Tradicionalmente, el
castigo ha tenido como objetivo escarmentar al transgresor a quien se aplica dicho castigo, además
de desalentar a futuros infractores. Ese intento de desanimar a quienes aún no
han delinquido es la razón por la cual, a través de la historia, la aplicación
de las sentencias promulgadas por la justicia humana ha venido siempre
aparejada con una teatralidad capaz de atraer a grandes masas que, en tiempos
desprovistos de televisión, solían estar muy pero muy aburridas.
No es, pues, casual que
la crucifixión de Cristo se pareciese a lo que dramaturgos y directores
contemporáneos llaman teatro de calle: un
espectáculo de largo aliento, con cambio recurrente de locaciones y con la
participación espontánea del público, todo encaminado hacia el grand finale.
El Imperio Romano,
por su parte, con su política de pan y circo, concentró las ejecuciones en un
solo lugar. De ese modo los emperadores solo
tenían que desplazarse hasta el palco VIP desde el cual contemplaban, con la
placidez del caso, a los leones que devoraban su correspondiente ración de
cristianos.
Desde esos tiempos
aciagos, los maltratados cristianos se hicieron el propósito de sacarse esos
clavos, literalmente hablando, y en
cuanto tuvieron oportunidad organizaron los magnificentes espectáculos que,
durante la Edad Media y el Renacimiento, fueron conocidos como autos de fe.

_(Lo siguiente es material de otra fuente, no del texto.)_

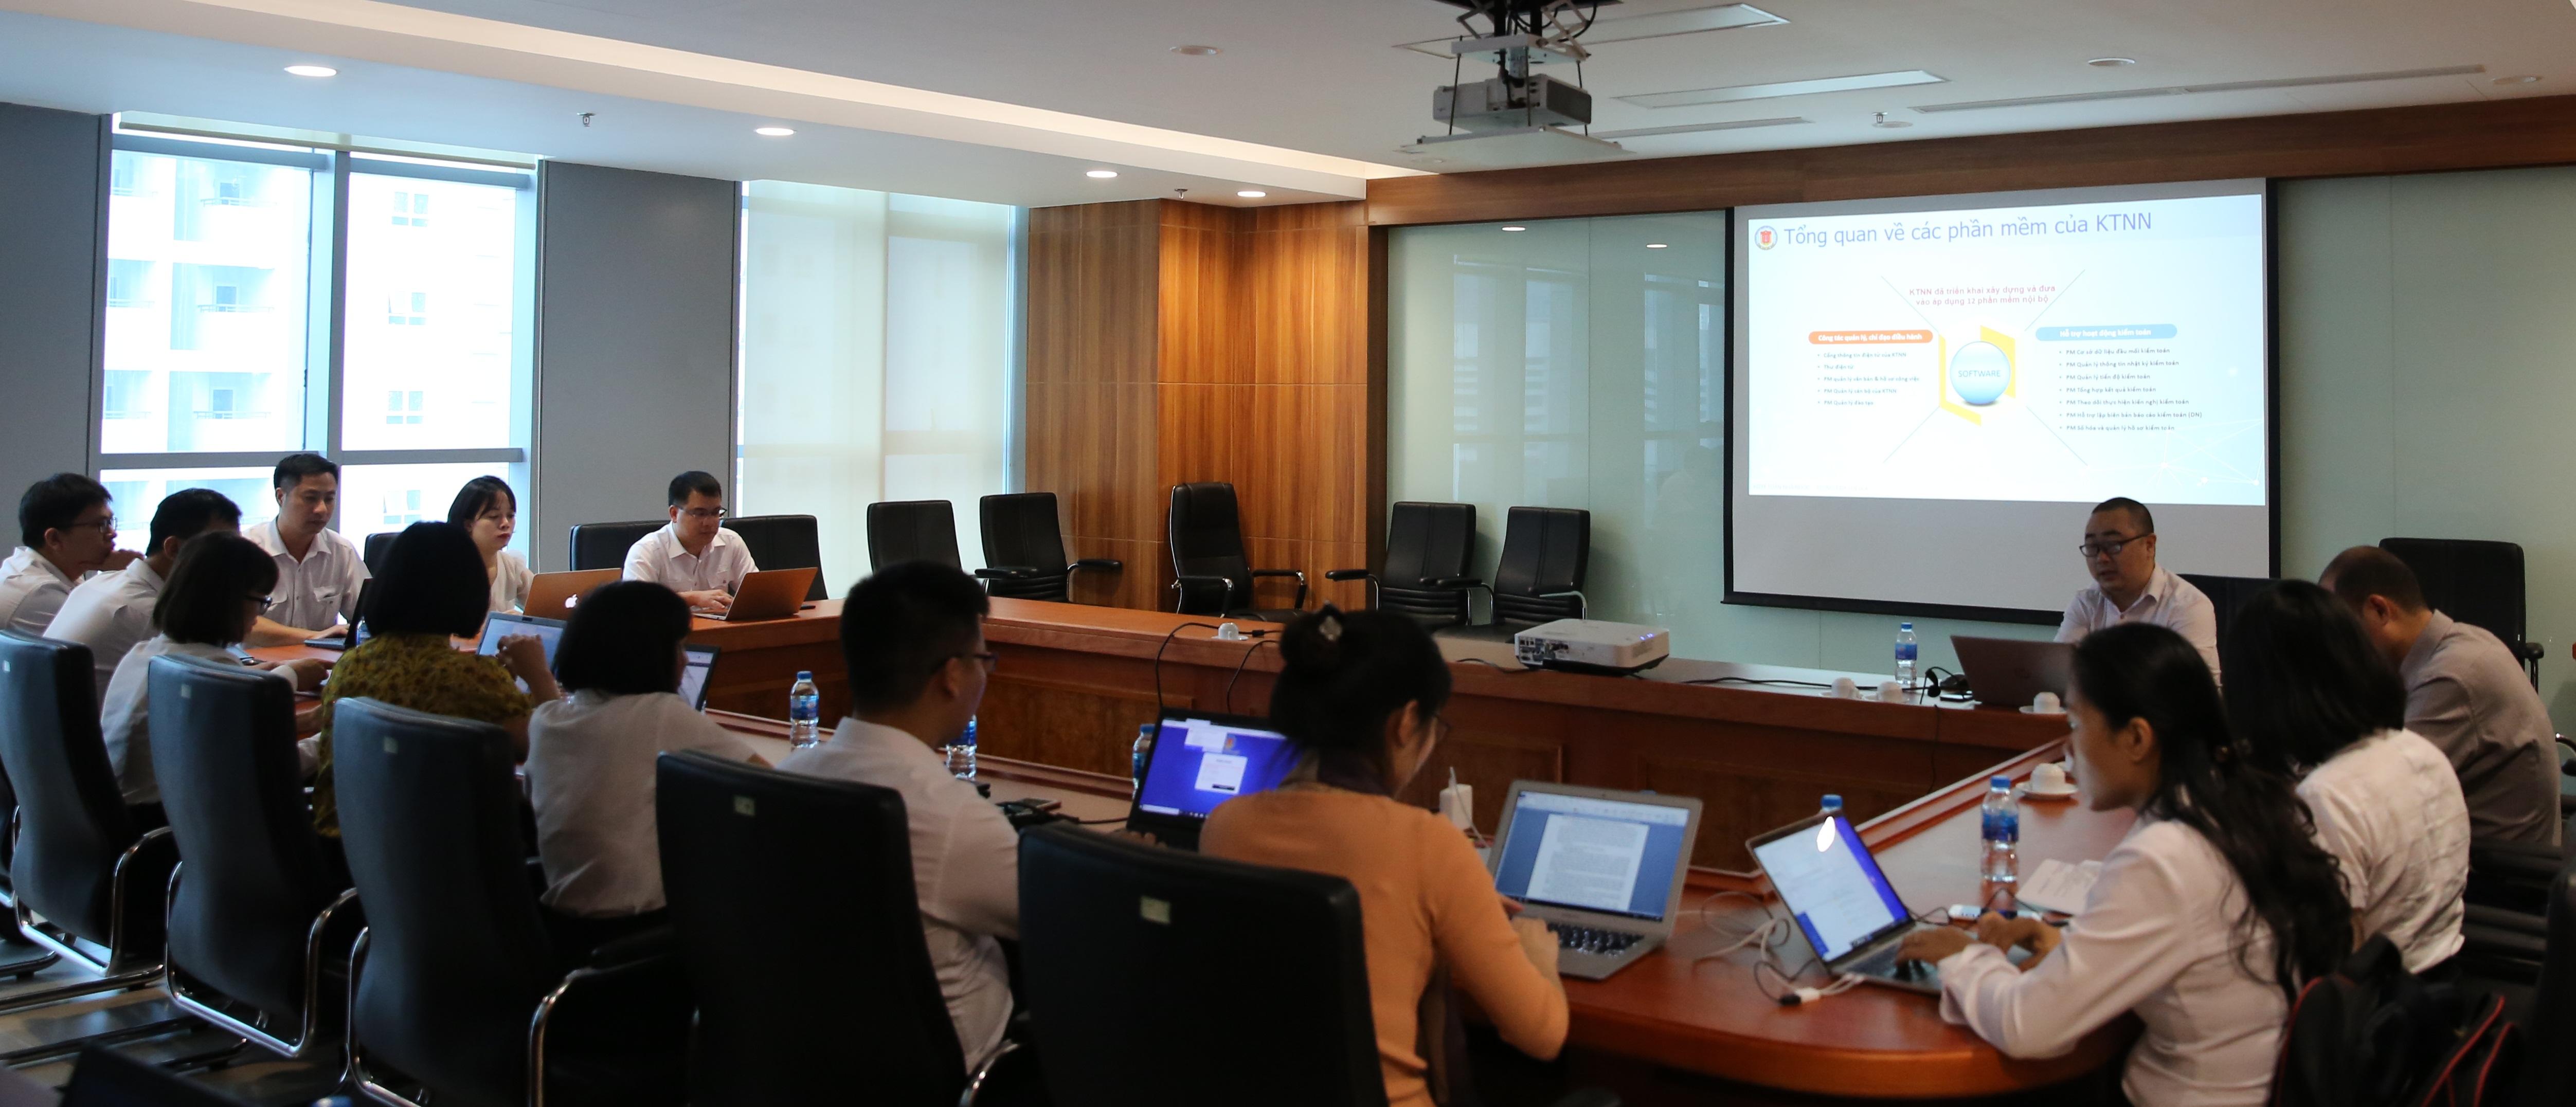 Khai giảng lớp Hướng dẫn sử dụng phần mềm quản lý tiến độ, tổng hợp kết quả kiểm toán

Allí, en presencia del pueblo bajo, y a
veces con la entusiasta asistencia de los propios reyes, los inquisidores se
dedicaban a la altruista tarea de calentar a la friolenta multitud encendiendo
hogueras que alimentaban con herejes y brujas.
En nuestro tiempo no
es mucho lo que hemos cambiado, pues si de vez en cuando, cosa rara, hay alguna reserva, de parte de un
gobierno, a la hora de hacer rodar una cabeza, nunca falta una cámara que dé al
traste con la supuesta discreción y se encargue de que millones de personas vean en detalle lo que se
suponía habría de suceder en el mayor recato.
A nadie debe extrañar
entonces que los iraníes lancen, con la publicidad del caso, un novedoso
adelanto tecnológico: una máquina de última generación para cercenar los dedos
de ladrones y demás miembros del bajo mundo. Para que no quede duda de la
eficiencia de tal maquina, han hecho una demostración en diferido por medio de
una serie de fotos en las que se ve a tres dedicados servidores públicos afanados
en la ejecución de la sentencia, recaída sobre un ladrón y violador.
¿Sorpresa? Ninguna. Al
fin y al cabo en los últimos tiempos hemos visto la guerra en vivo y en
directo, a las bombas caer en tiempo
real sobre sus víctimas, a un helicóptero
artillado ametrallar a indefensos civiles. Y por si todo eso fuera poco, aún se
puede añadir la imagen de la soldadita enanoide norteamericana que en Abu Ghraib
pastoreaba a los presos como si fuesen perros.
Si no resulta un
burdo montaje de los medios interesados en desacreditar a ese país, no faltará quien quiera abordar el
asunto de Irán alegando su particularidad cultural. Por mi parte prefiero
pensar que se trata simplemente de un hecho patético, tan patético como hacer
chicharrón de un ser humano en una silla eléctrica.